Many years of experience in Damascus technology allowed me to easily and quickly master a similar technology, only in a different material. Clay, and especially porcelain, are able, in the same sequence, to go through the entire cycle of splicing and modulation of color composites without loss of clarity of the small module. It is easy to detect their apparent similarity not only in the technological moments of mixing and exposing the internal structure, or in their constructive principle of compilation, but also in similar compositional patterns associated with color and graphic means of expression on the surface of finished products, which cannot but attract with its logical beauty.
What is the difference between natural stone and such a material as mixed colored masses? In essence, they are very related in terms of the chemical composition of their substances - the color palette is formed due to impurities of oxides and salts of various metals - but the methods of "kneading" are slightly different; in one case, nature "creates" while in the other, the creation results from the consciousness and experience of man.

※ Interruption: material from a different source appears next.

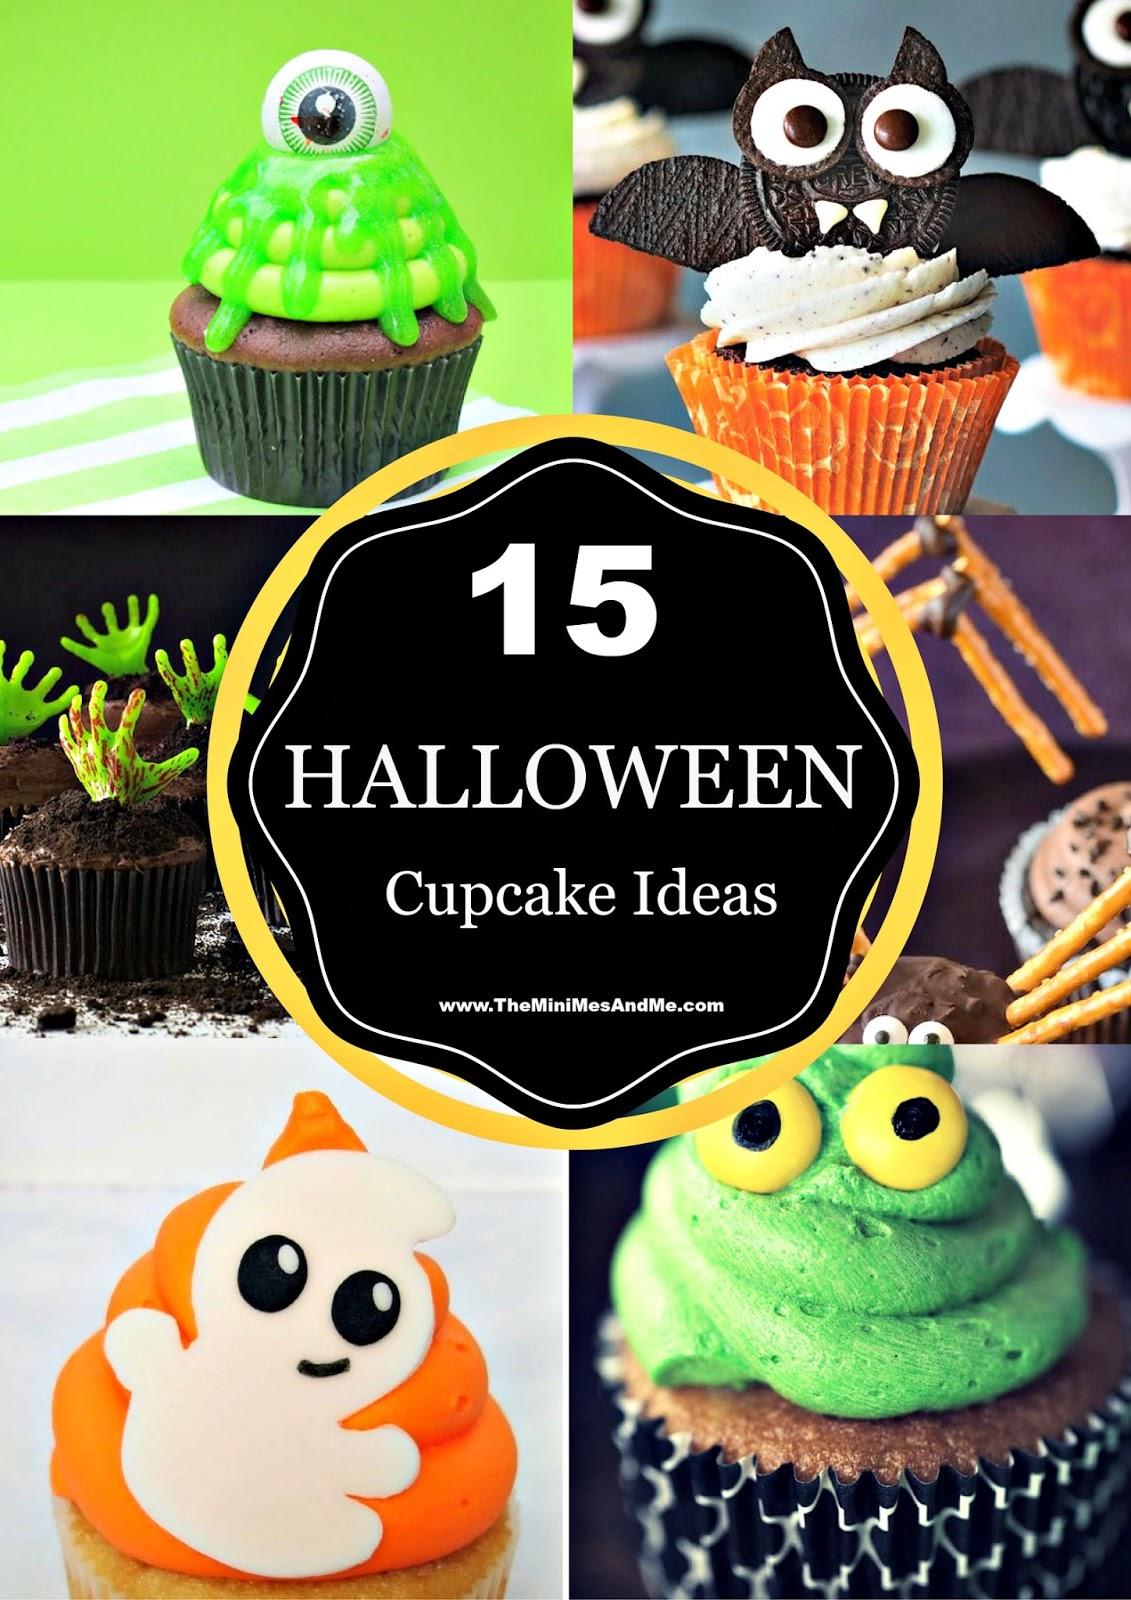 15 Spooktacular Halloween Cupcake Ideas The Mini Mes And Me

The "neriage" technique is associated with natural textures and mixing methods, similar to a Damascus steel technique, the so-called "wild damascus", where composites are mixed by layering in a single direction, folding like a stack of paper sheets, or like puff pastry in the case of clay. From this standpoint, the textures can be very similar to the textures of various types of wood in the case of metal or various ornamental stones in the case of ceramics (marble, granite, jasper, lapis lazuli). This is the predecessor of the “agateware” technique which was born in medieval China as a way to imitate natural agate.

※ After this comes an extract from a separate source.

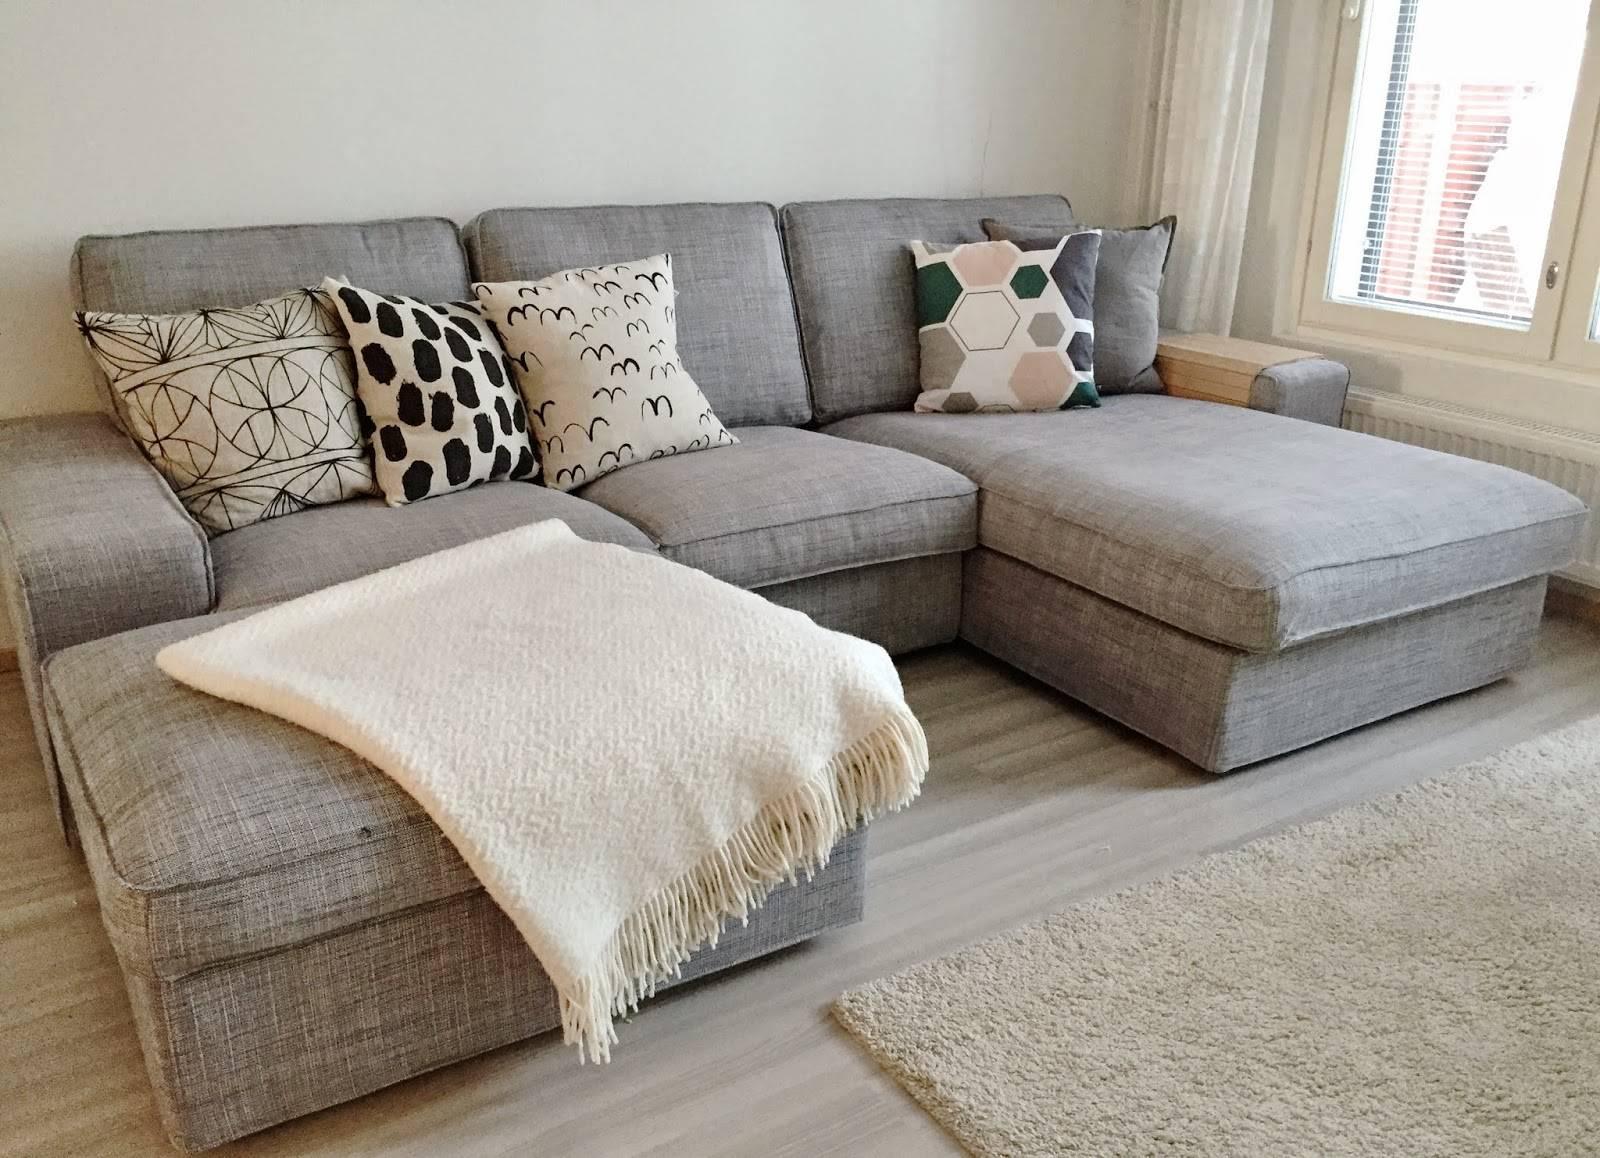 Обзор диванов от икеа - новинки 2019 года и другие модели

The technique of "nerikomi" experienced significant development and application among Japanese ceramic artists in the 60s of the twentieth century. Here, the technique of mixing various colored masses became more complicated and began to bear, in addition to decorative properties, an artistically semantic load.
In parallel, the same trends were observed in the technique of Damascus steel; a special constructive sense appeared in the folding of composite steels (the so-called mosaic damascus), which improved the mechanical properties of blade steel, and the pattern emerging on the surface of the product, in addition to decorative and stylistic properties, was a technological map of the authenticity of the manufacturing method of the blade.
It so happened that at about the same time as I began experimenting with the technique of Damascus steel in 1988, I also started using clay of two colors as a material for modeling the process of folding and opening the internal structure of various packages of steel. Of course, I couldn't have known that this was, in essence, "nerikomi". And only a few years ago the idea and opportunity materialized to explore this technique more substantially.